Tuesday, January 4, 2011

Jeremy Bentham, Michel Foucault, and the T.S.A.

"Peepshow scanners may not catch terrorists, but who says they’re supposed to?" writes The American Conservative's Brian Doherty — Dignity Doesn’t Fly. Suggesting that "the principles behind the TSA’s new strategies are very old," the author continues:
    Jeremy Bentham’s Panopticon is being built in miniature, but with an even wider angle of view. While the 19th-century utilitarian philosopher Bentham dreamed of a system that could keep watch at all times over particular classes in need of surveillance—he was thinking of prisoners, students, and workhouse denizens—the American Panopticon gazes upon any air traveler without regard to criminal background or mental history.
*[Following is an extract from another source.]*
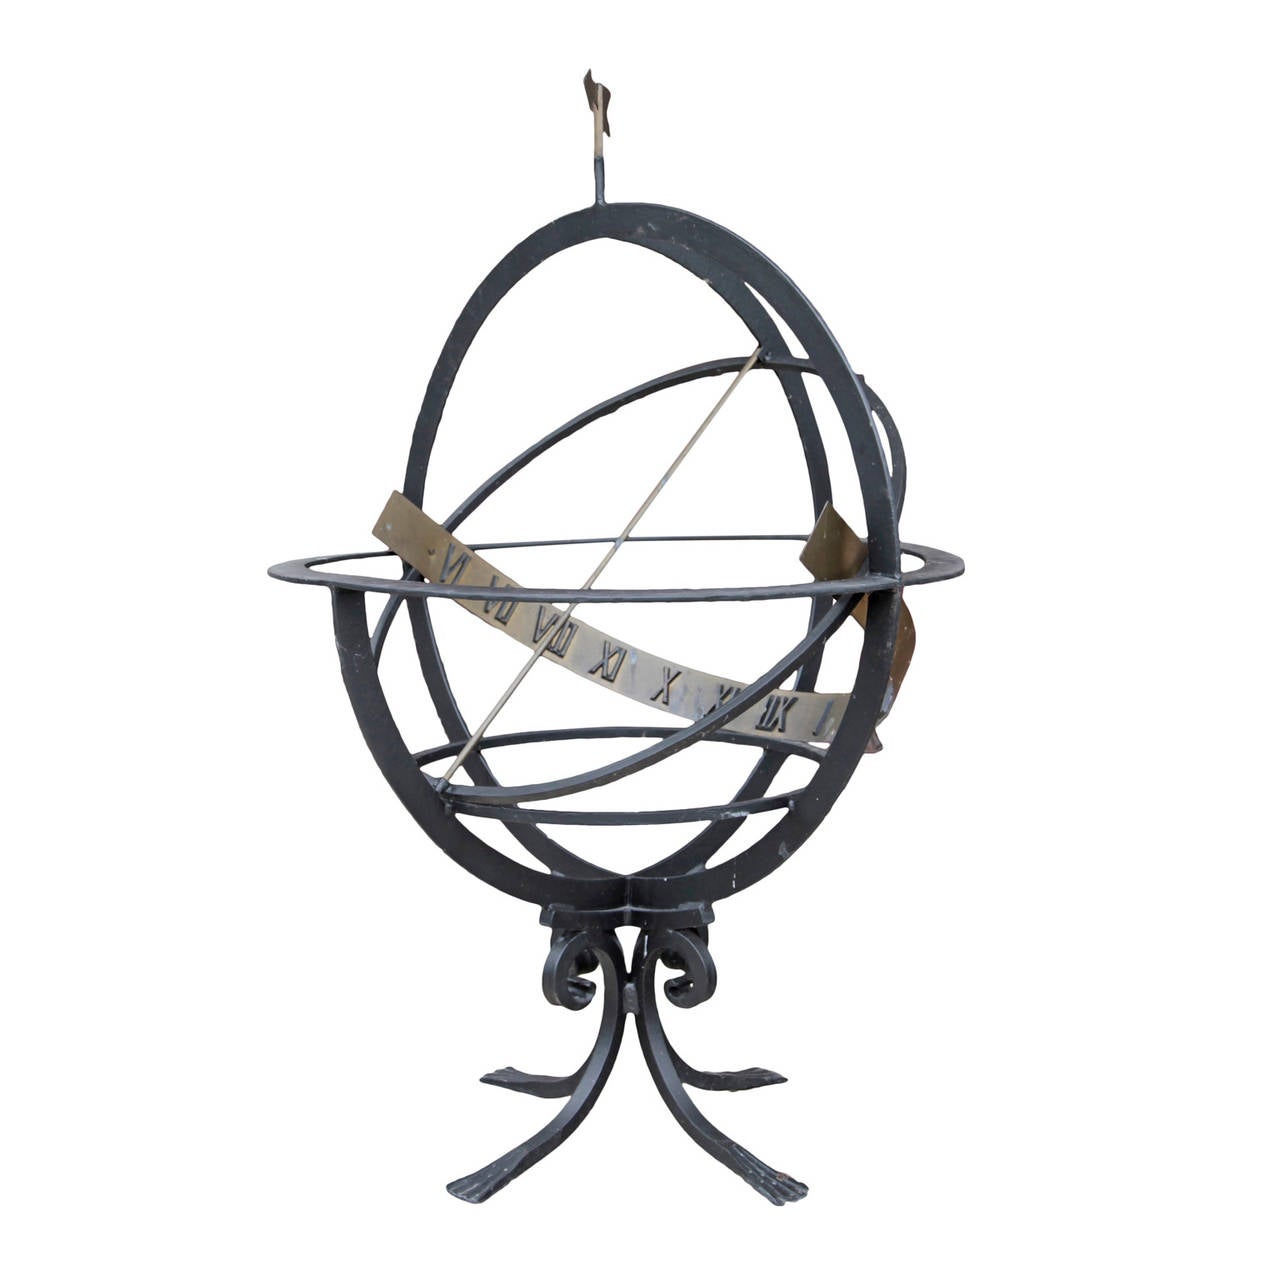 The sundial is made out of wrought iron and shaped like a globe. It stands on four bent legs and has several iron rings in the same diameter to determine the time.

    A second philosopher who saw this coming was Michel Foucault. What Foucault wrote about the insane asylum’s effect upon its inmates applies eerily and equally well to what the TSA does to everyone who passes through its screen: “The problem is to impose, in a universal form, a morality that will prevail from within upon those who are strangers to it.” Sadly, given the number of Americans who reacted to November’s anti-TSA furor with a hearty “who cares if you have to be watched or grabbed in order to travel? The experts say it’s needed,” the TSA appears to have succeeded in constructing a new morality.